▸ **Problem requirements**
Write each line of the material exactly as given, from the top through the line that contains "Fabulous all original", and omit all pictures.

▸ **Dataset excerpt**
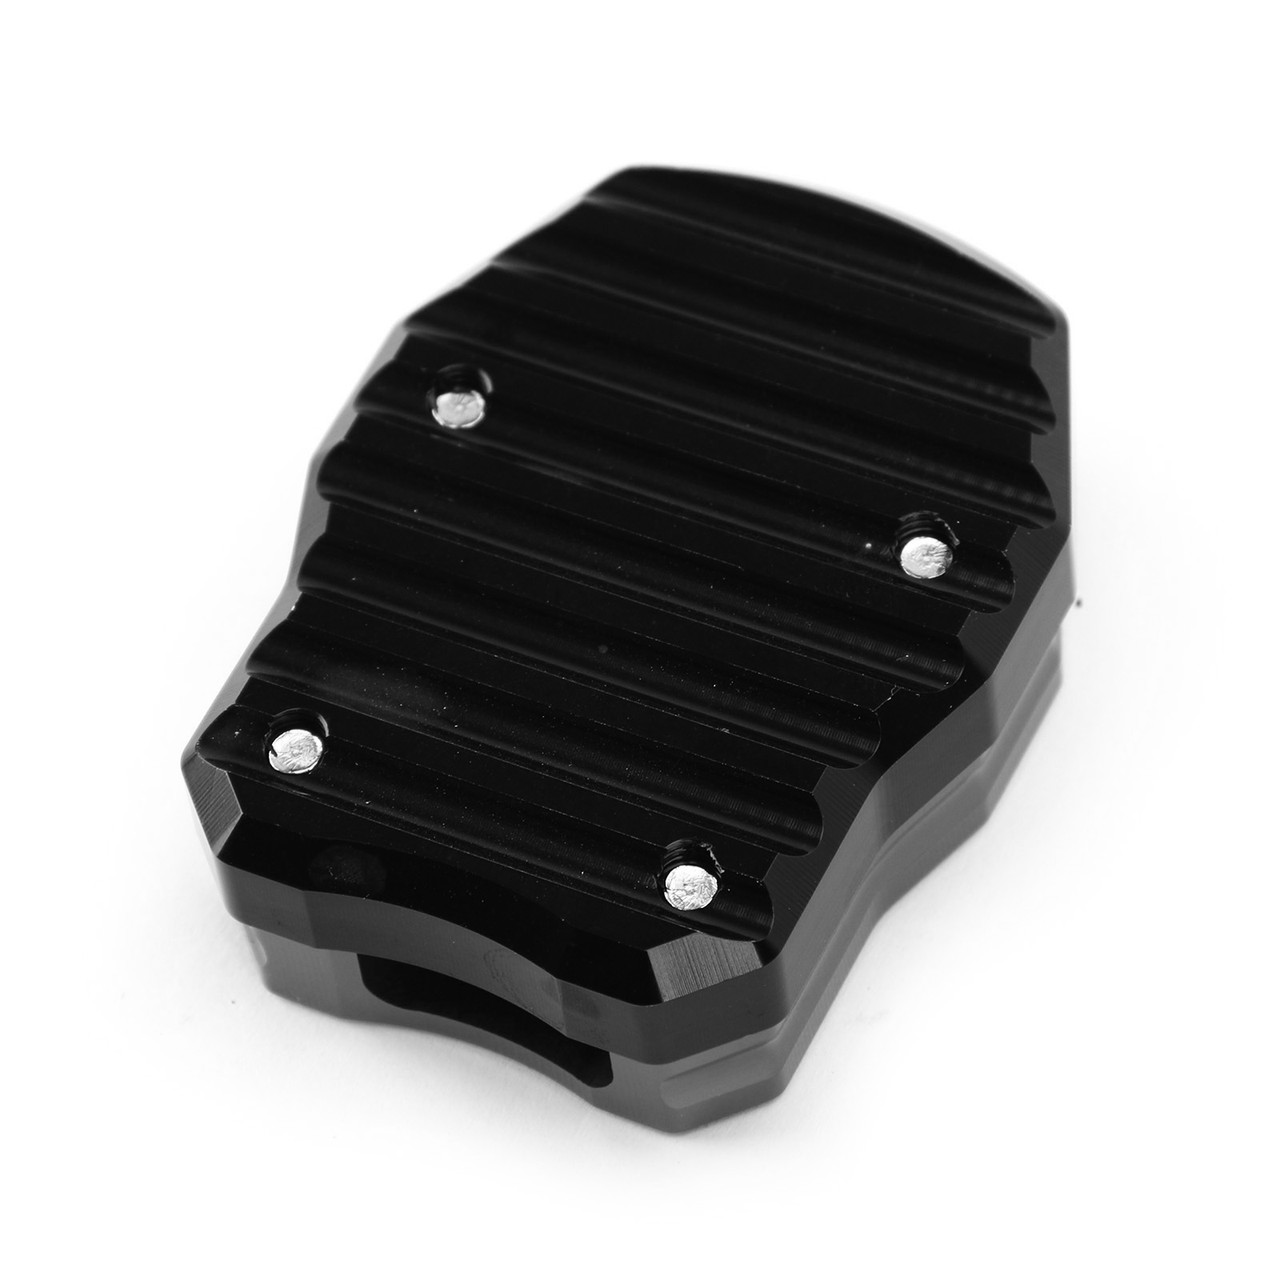 Kickstand Side Stand Extension Pad Fit For Honda ADV150 19-21 PCX 125 150 18-19 Black
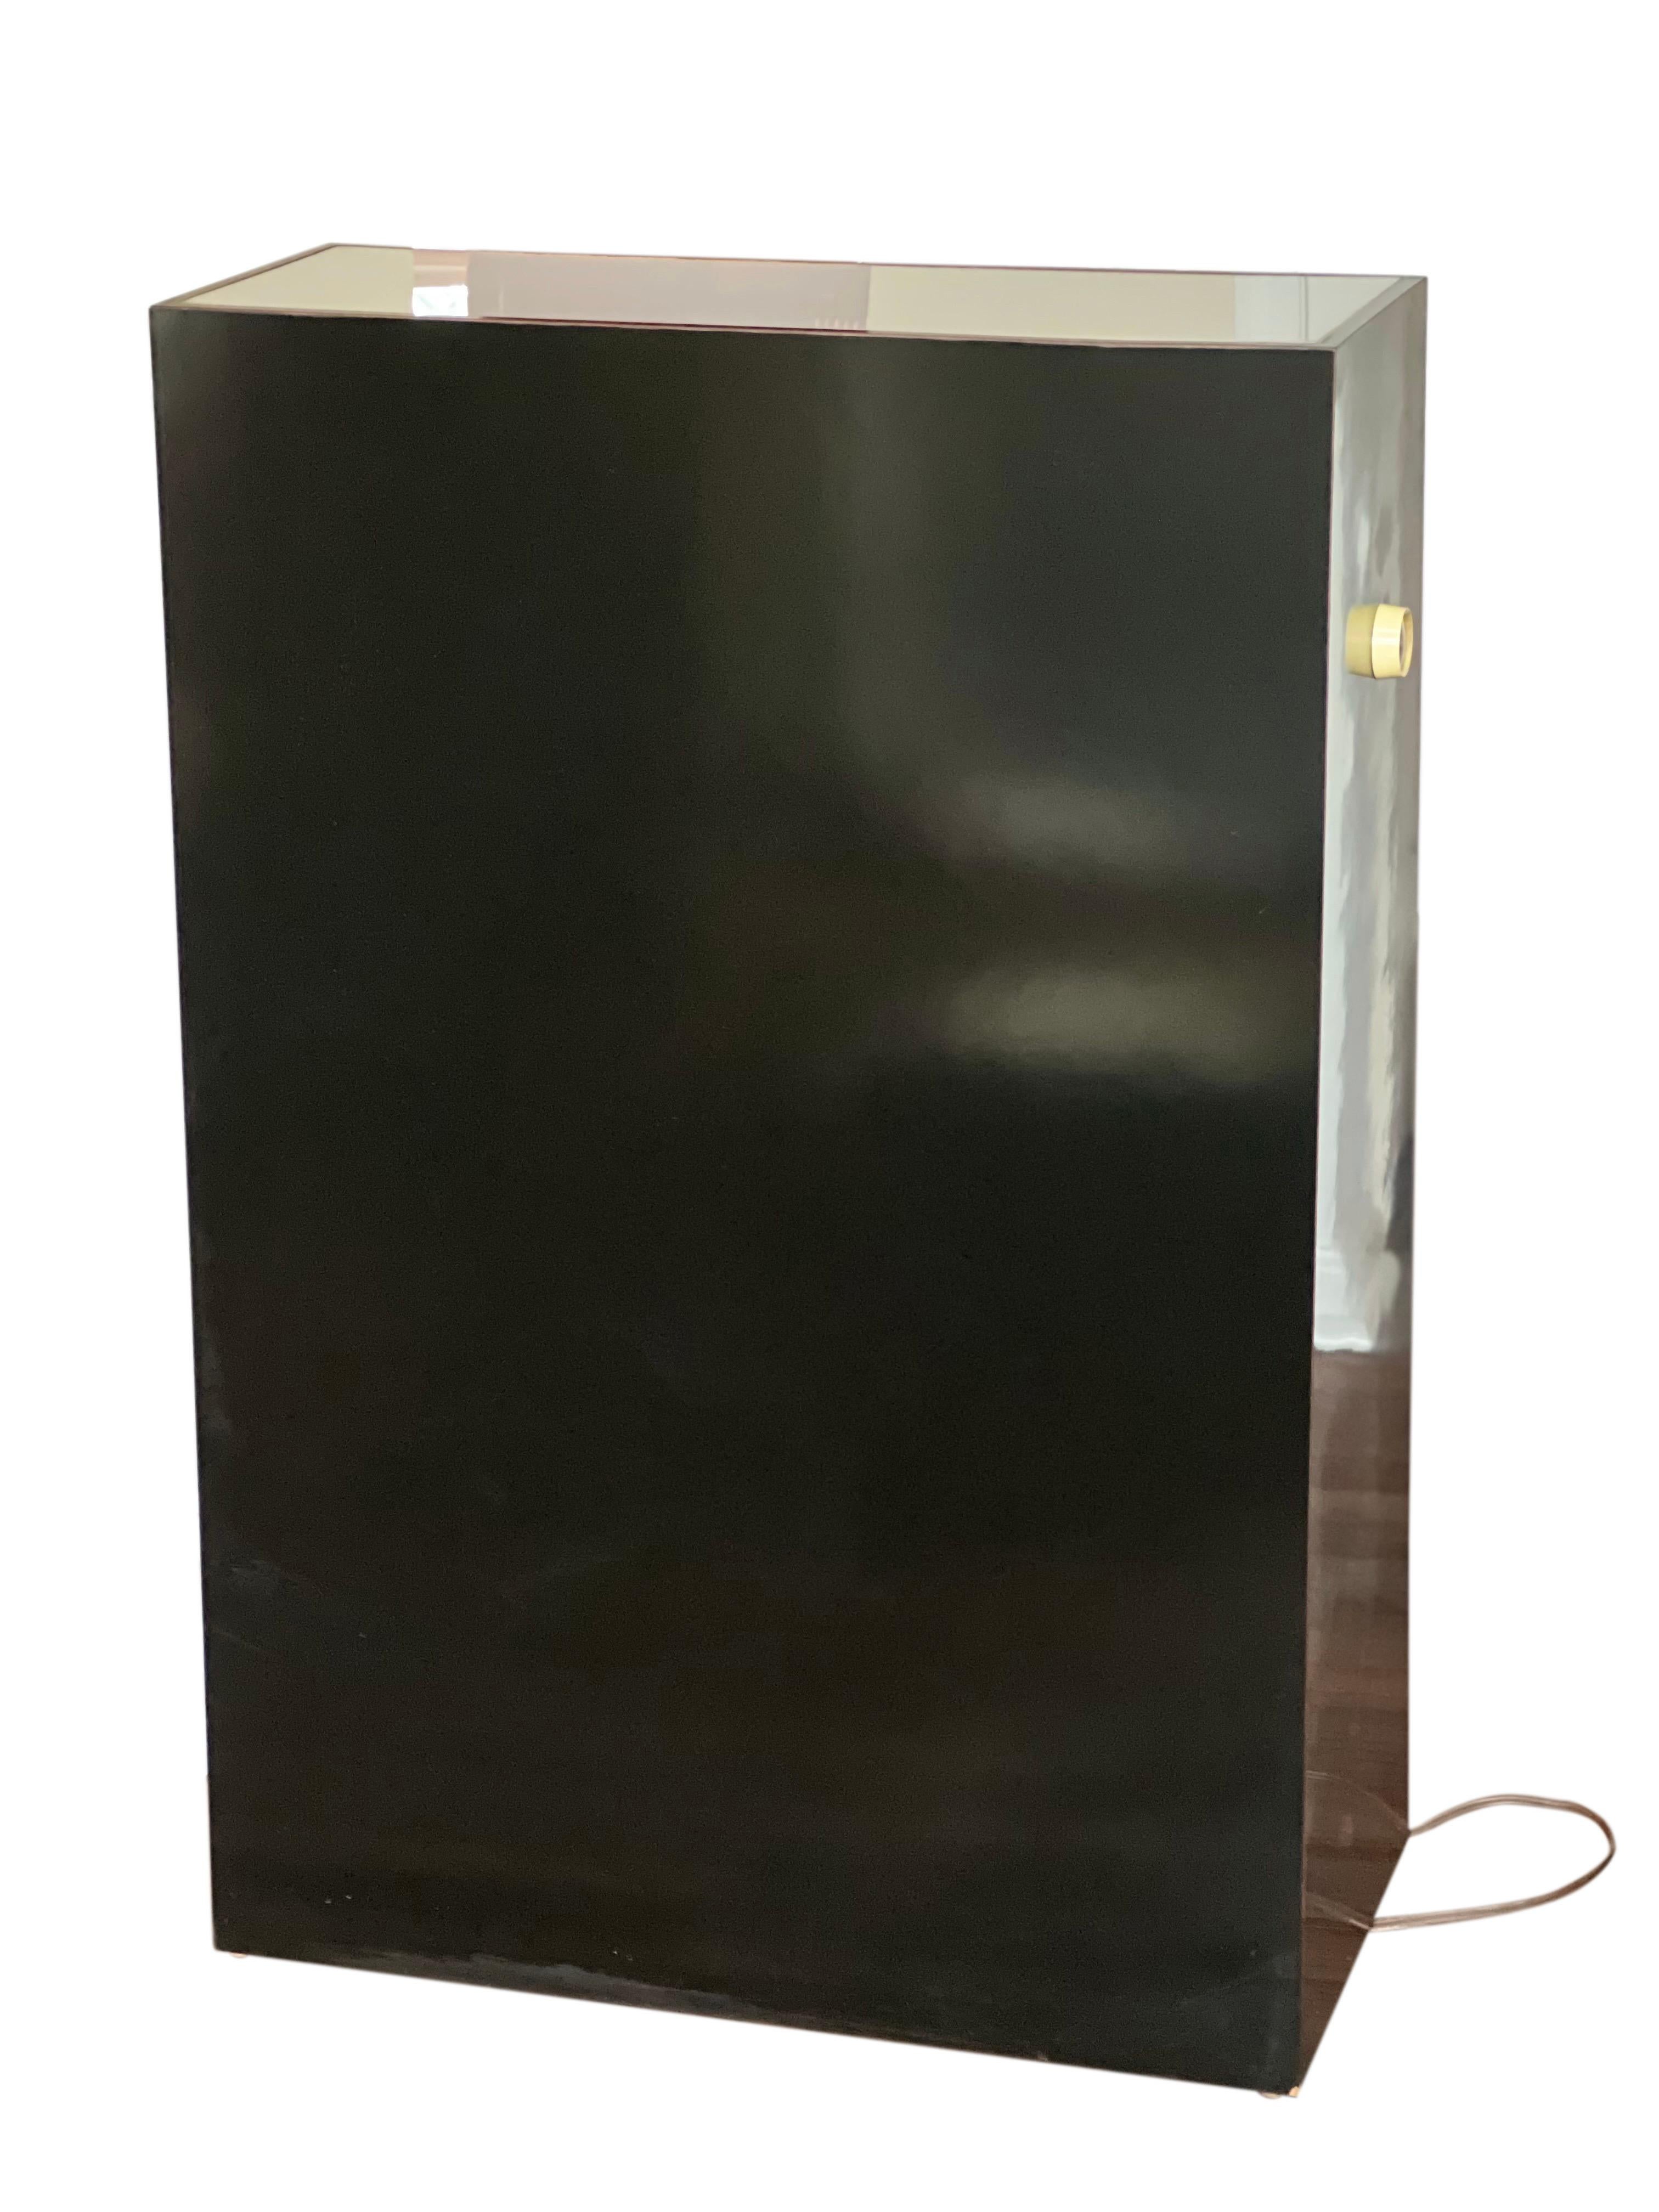 Fabulous all original vintage illuminated glossy black pedestal with an opaque white acrylic inset top.

The pedestal creates a luminous glow perfect to display your favorite sculpture or objets d’art with adjustable lighting. Crafted of wood

▸ **Final answer**
 Kickstand Side Stand Extension Pad Fit For Honda ADV150 19-21 PCX 125 150 18-19 Black
 Fabulous all original vintage illuminated glossy black pedestal with an opaque white acrylic inset top.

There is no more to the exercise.